You see it in horror movies all the time when the hero’s loved one gets bitten by a vampire, or a zombie, and then slowly becomes a monster. It is such a classic feature of the genre that it borders on cliché. The plot of Bram Stoker’s Dracula revolves around it. The characters of Abraham Van Helsing, a doctor; Jonathan Harker, a lawyer; Arthur Holmwood, a nobleman; and Quincy Morris, a cowboy, collectively represent a sense of order, science, and morality—hell-bent on destroying Dracula before he can take Lucy Westenra’s soul. Vampires may not be real, but the Devil and evil certainly are. Vampires may not be real, but the Devil and evil certainly are. It is something you know when you see it. I encountered both recently when I had dinner with the woman who was the love of my life. She was there in voice and appearance, but her soul was gone. All I was left with was an anti-Semite, and a realization that reason, without revelation, breaks down in the face of evil.

Anti-Semitism is back in vogue in the West. After the October 7 Hamas attack, professors and college students across America rushed to buy into its latest iteration. Students on the left rushed to embrace garish displays of activism in the form of encampments and campus takeovers. College administrators who are a bit older and supposedly wiser gave apologetics to Congress about the “context” of calling for the genocide of Jews on campus. Others still, like New York mayoral candidate and Democratic state assemblyman Zohran Mamdani, call to “globalize the intifada.” Mamdani is only the latest cause célèbre after other up-and-coming Democrats like Minnesota’s Ilhan Omar accused Israel of “hypnotizing the world.” For a moment, anti-Semitism looked like a leftwing problem.
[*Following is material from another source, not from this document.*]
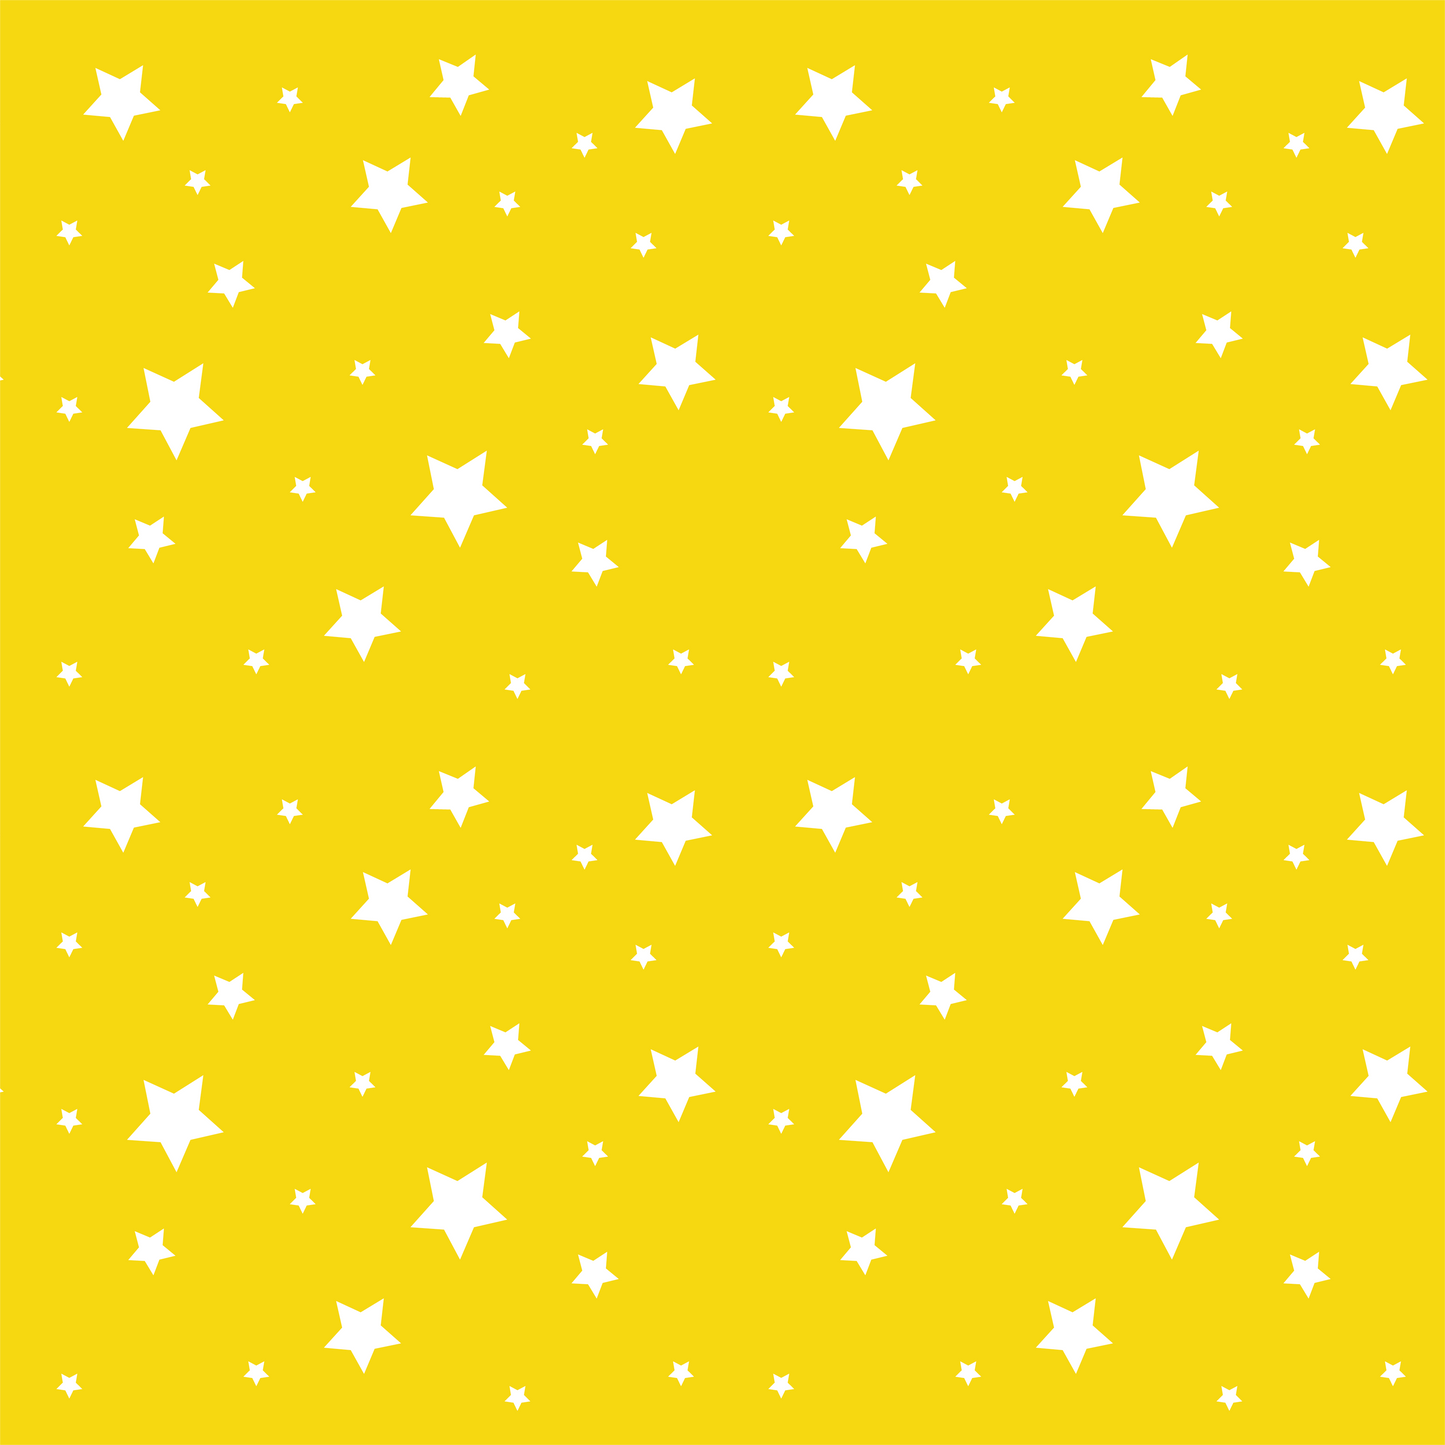 Stars on Yellow Background 001

Americans on the right thought that they could pat themselves on the back. Donald Trump was back in the White House, and pro-Israel foreign policy along with it. Then anti-Semitism showed its head there too. Influencers like Candice Owens resurrected ideas of a Jewish conspiracy to control the U.S. government. Former Trump political strategist Steve Bannon labeled Fox News host Mark Levin as “Tel Aviv Levin,” and said both Levin and Senator Lindsey Graham are “jackals who feed off death and destruction” for advocating for U.S. support of Israel against Iran and its nuclear program. In interviewing Senator Ted Cruz, Tucker Carlson not only criticized Cruz’s support for Israel but seemingly accused him of bribery for taking funds from pro-Israel lobbyists and mocked the senator’s biblical faith as a justification for supporting the Jewish state.
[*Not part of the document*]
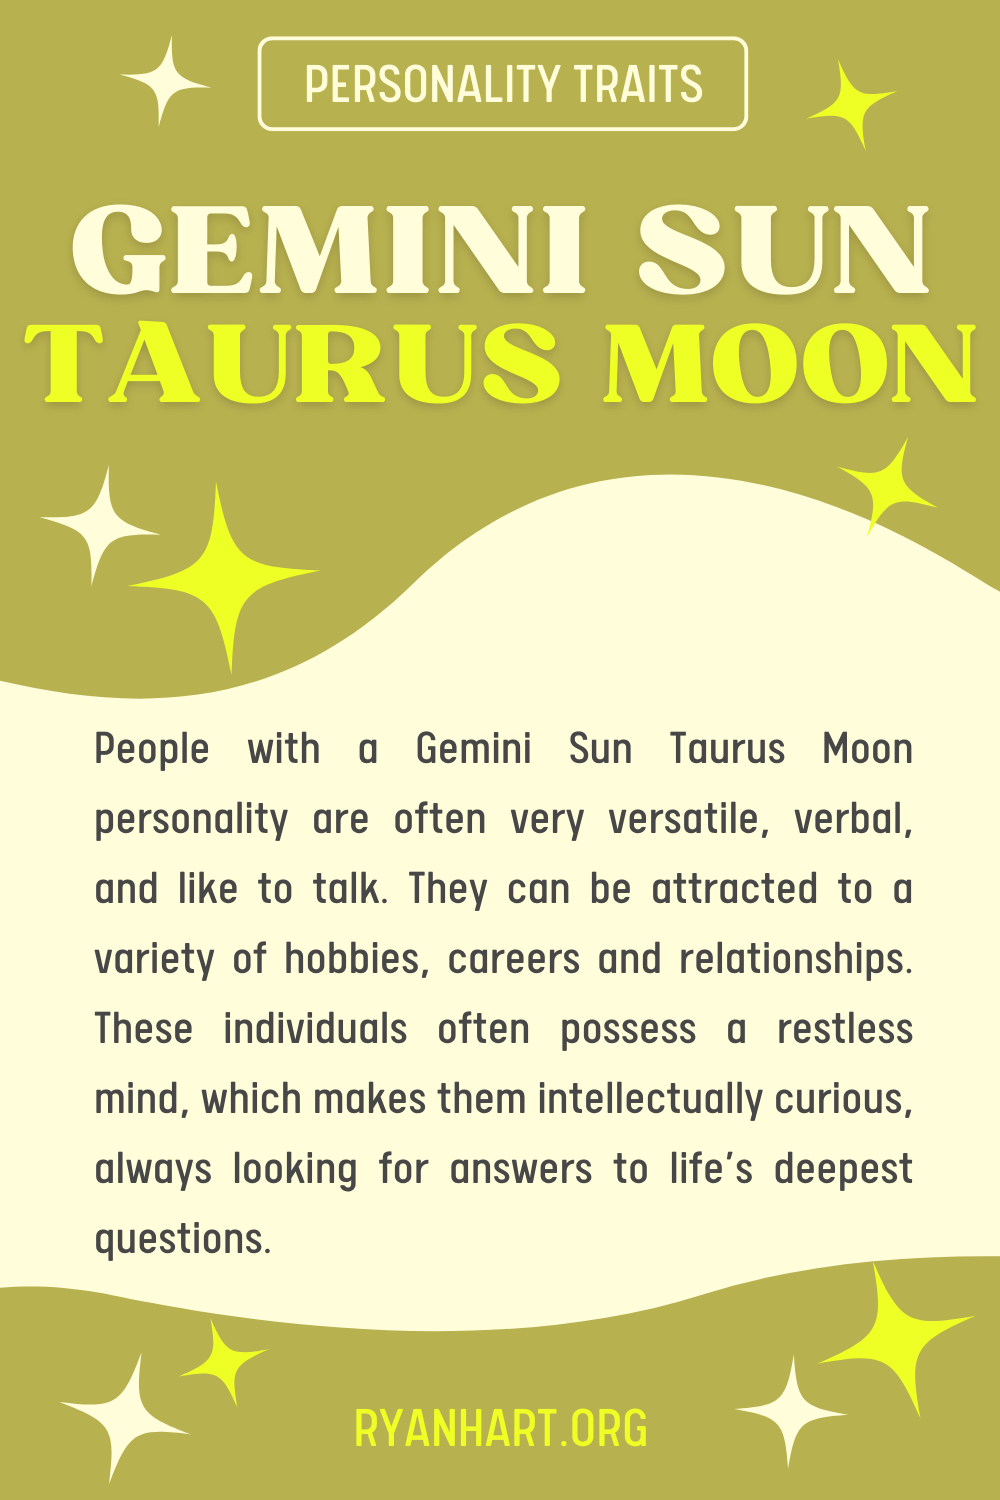 Gemini Sun Taurus Moon Description

Like a virus, anti-Semitism is just as happy in one host as it is in another while it flits between them to survive; and yet at the end of the day, anti-Semitism does not ultimately exist in civilizations or cultures. It begins and ends in the individual human soul. To see the rot up close as I watched it consume the woman I had known for three years and planned to marry was unnerving, to say the least. The ideas were more profound than mere prejudice or ignorance. Instead, it was an irrational animosity based on myth, lies, and nothing of substance. Combined with a complete lack of empathy and critical thinking, it was evil.

Evil sneaks up when you least expect it. Sometimes it manifests in the form of a natural occurrence, such as a natural disaster or disease. Calamities like the recent flood in Texas Hill Country, which has so far taken the lives of 135 people, are evil and condemnable, even if they are “natural” symptoms of a fallen world and show up in an instant. Other times, evil quietly brews under the surface and within a person. Over the course of several months, the woman I loved had disappeared. The laughter, warmth, empathy, and humor that brought us together and characterized our relationship became less and less frequent. Something else was emerging. In place of the goodness came increasingly long monologues about Jewish plots to control the world, conspiracies to traffick human beings, and even ideas about child sacrifice. As her Christian faith waned, she came to see the religion not as divine truth, but as a Jewish invention designed to dismantle the “civilized” pagan societies—like Rome—that preceded it.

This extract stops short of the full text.